# RECORDED INFORMATION

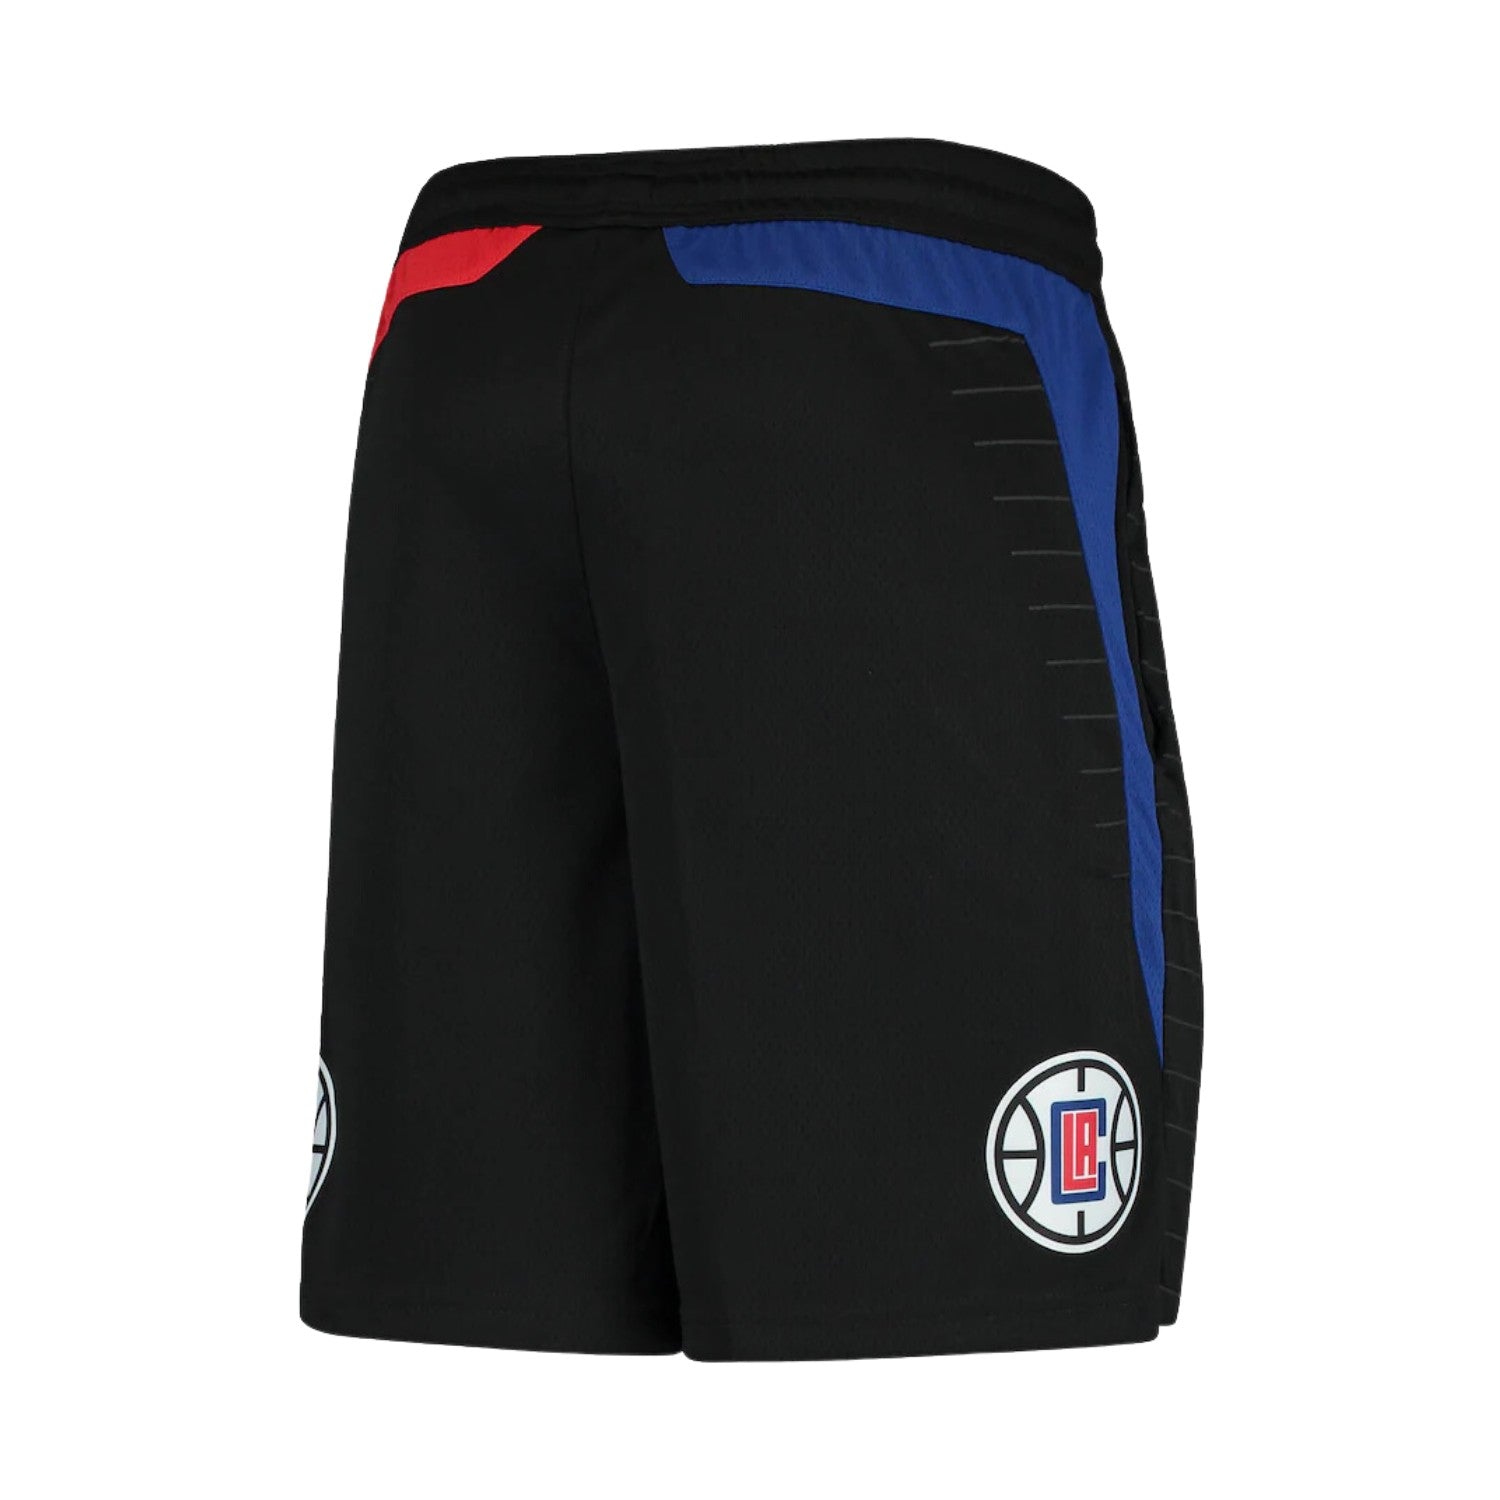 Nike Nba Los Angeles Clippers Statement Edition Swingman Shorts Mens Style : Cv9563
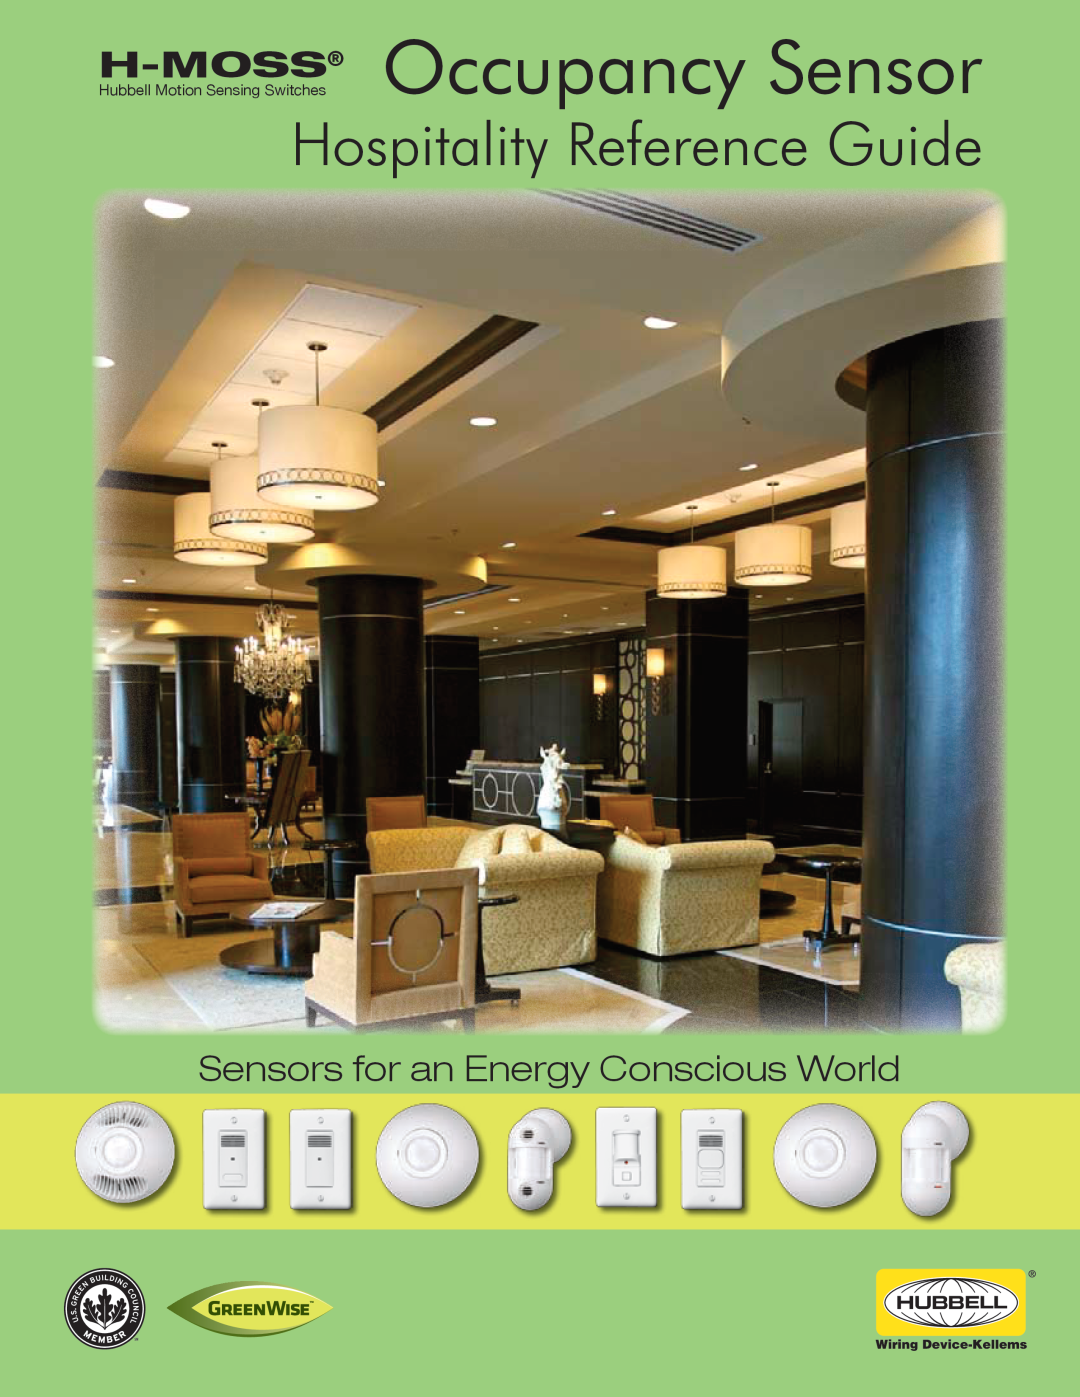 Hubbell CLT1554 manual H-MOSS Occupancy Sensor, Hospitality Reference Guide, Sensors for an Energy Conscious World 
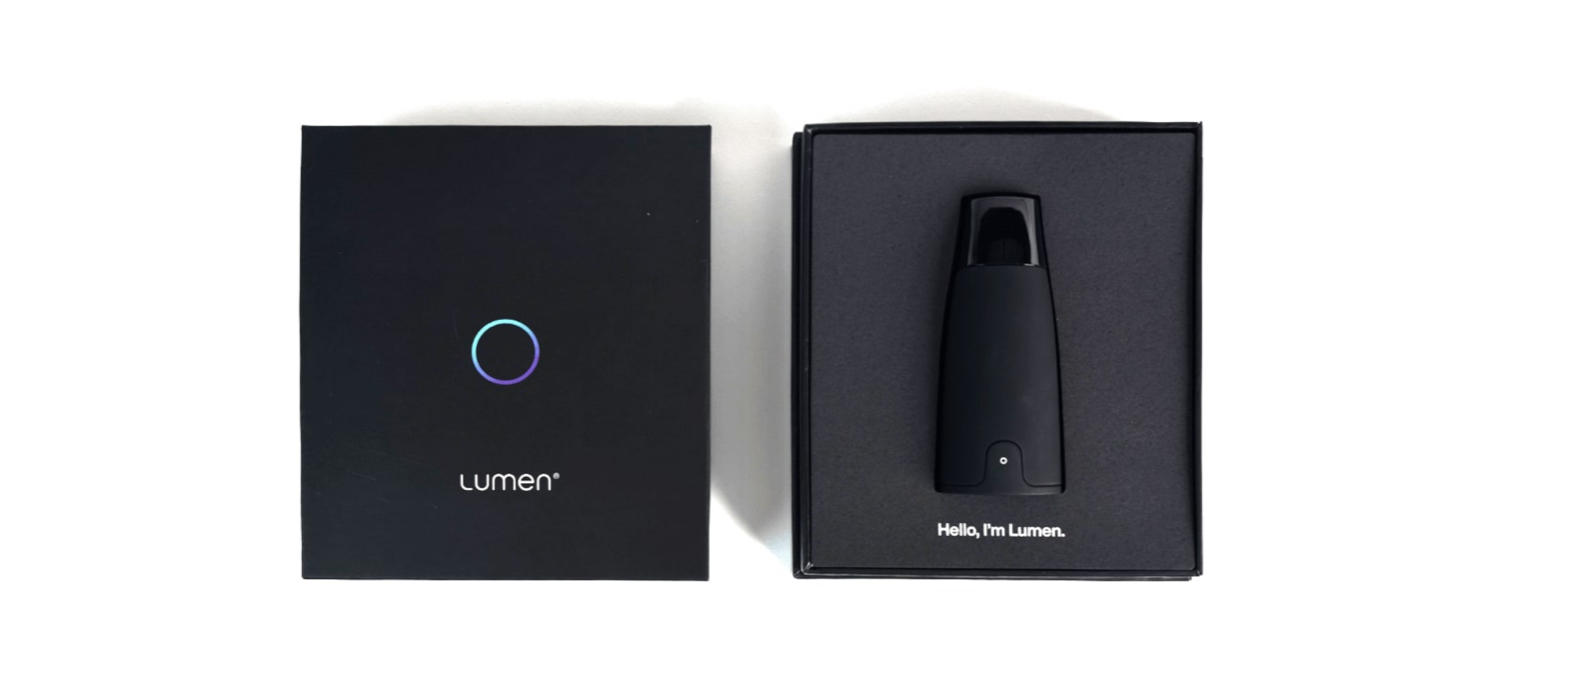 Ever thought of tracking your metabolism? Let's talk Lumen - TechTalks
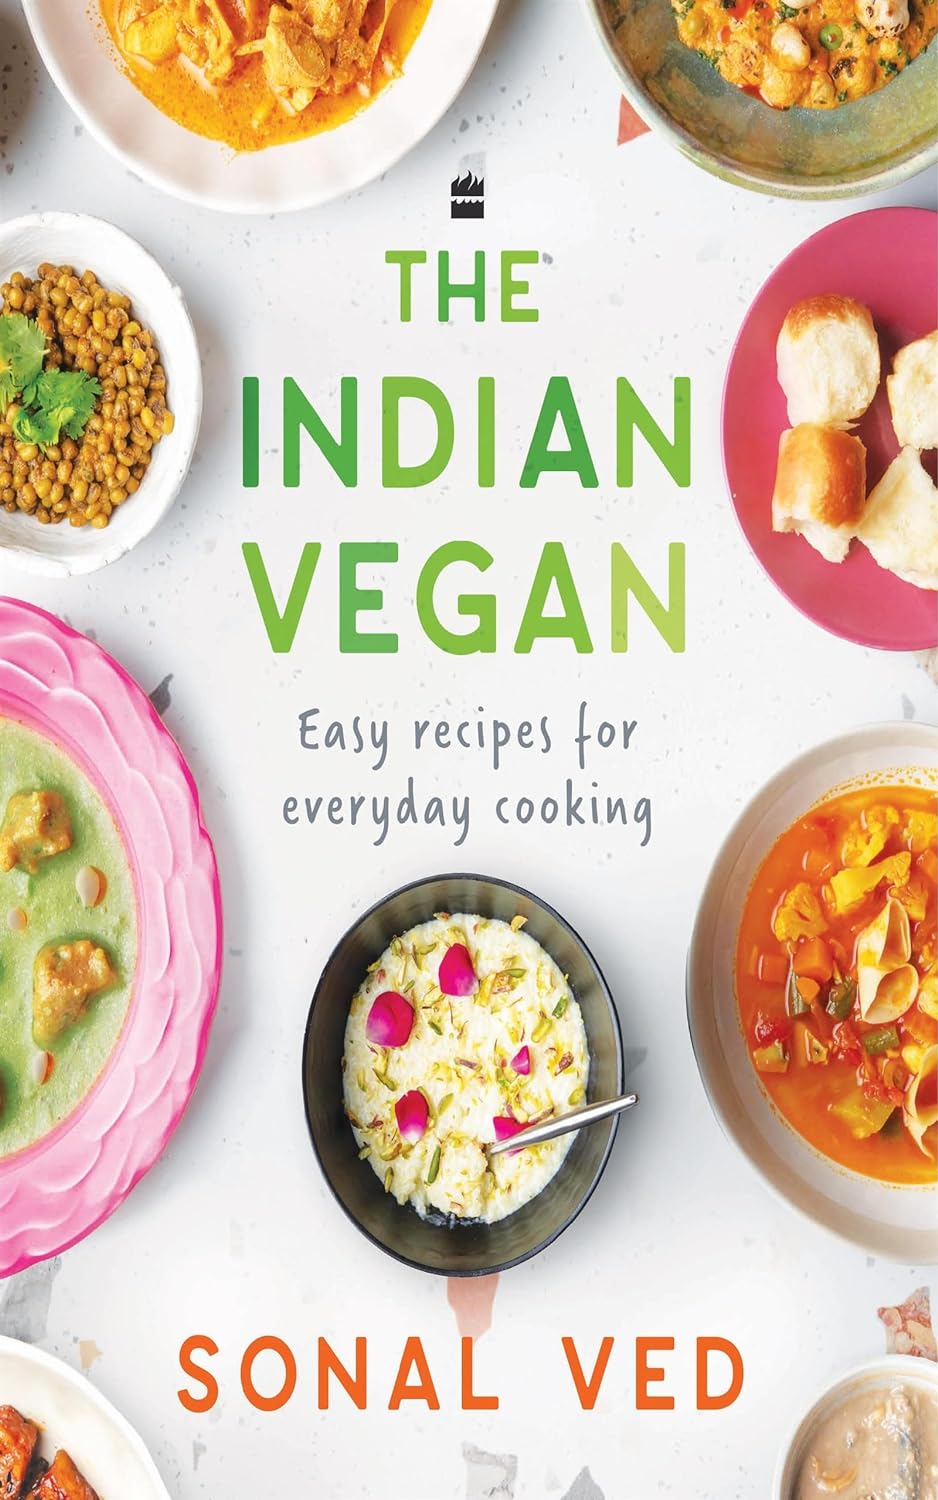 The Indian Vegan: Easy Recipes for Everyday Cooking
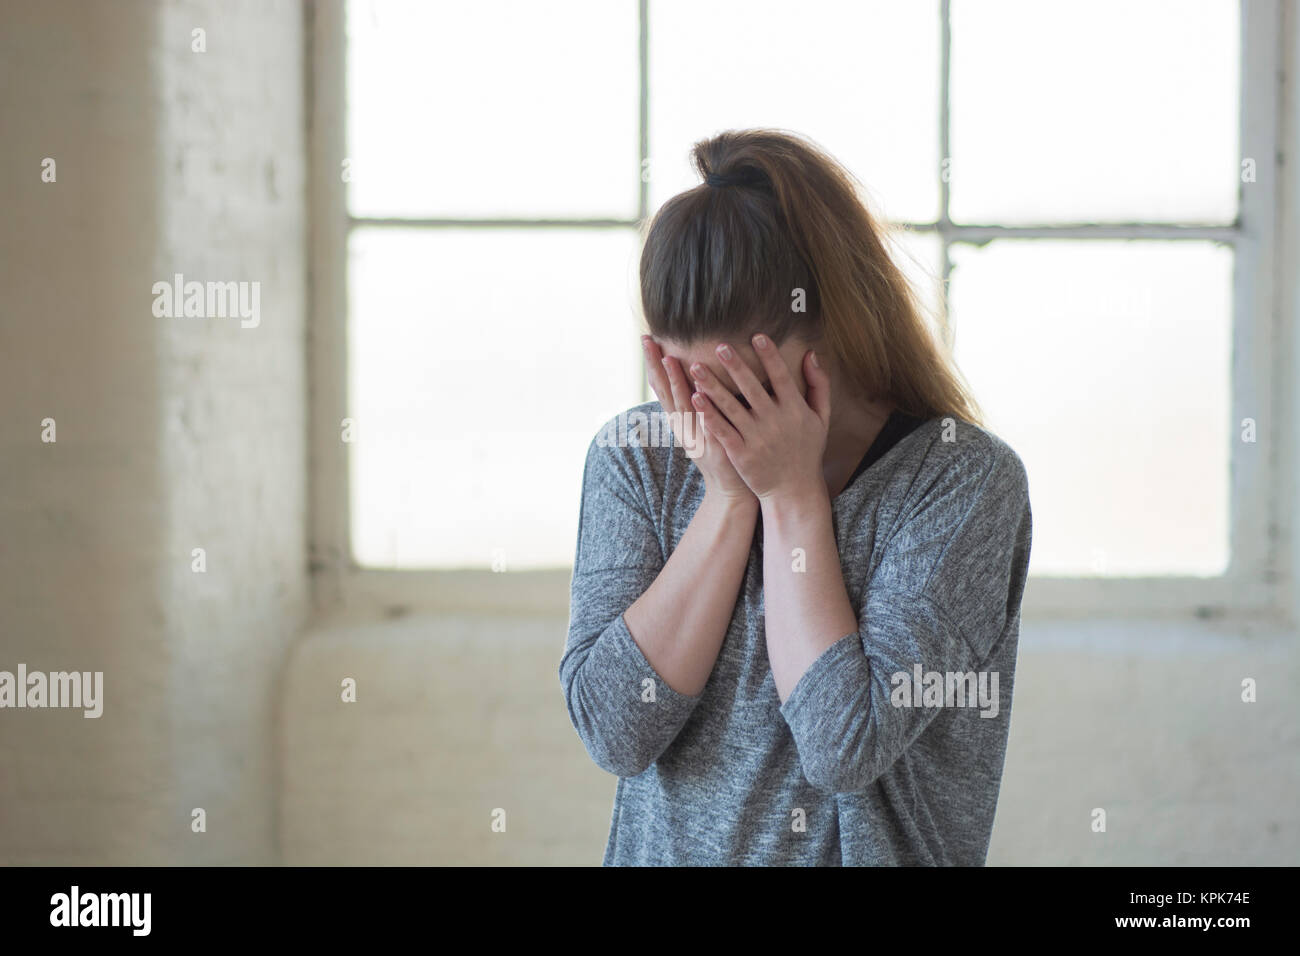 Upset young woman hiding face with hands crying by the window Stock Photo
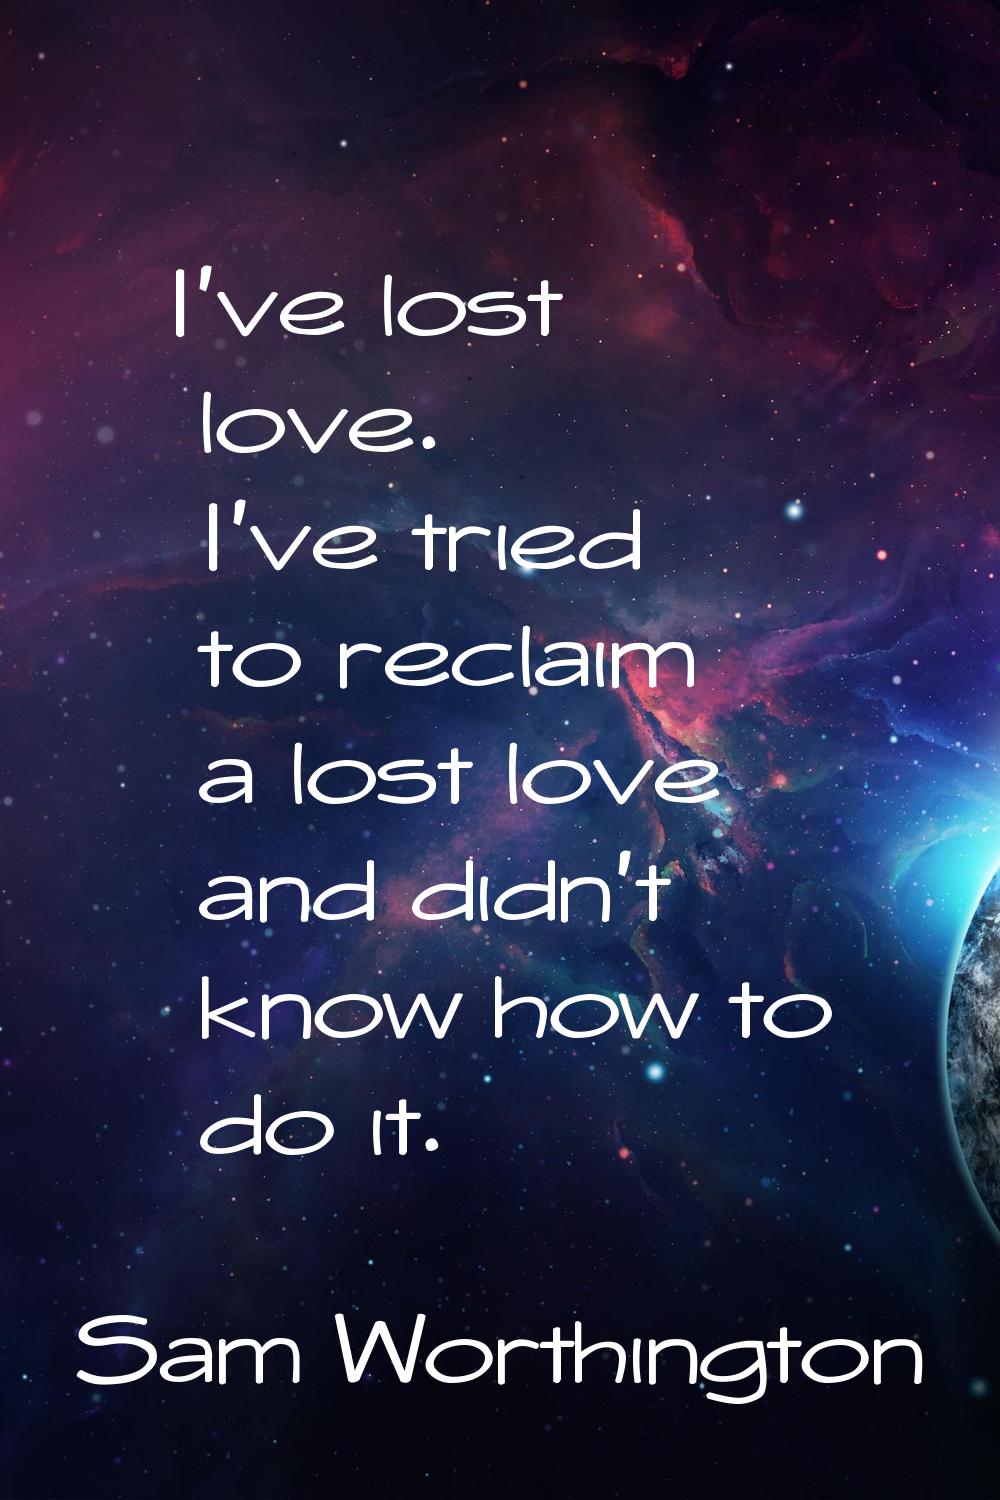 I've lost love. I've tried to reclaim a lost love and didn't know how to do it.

# TASK BRIEF
Look back over the records above. Reproduce exactly everything from the line with "Ever thought of" down to the line with "Upset young woman", inclusive, and leave the pictures out.

# ANSWER SPACE
 Ever thought of tracking your metabolism? Let's talk Lumen - TechTalks
 The Indian Vegan: Easy Recipes for Everyday Cooking
 Upset young woman hiding face with hands crying by the window Stock Photo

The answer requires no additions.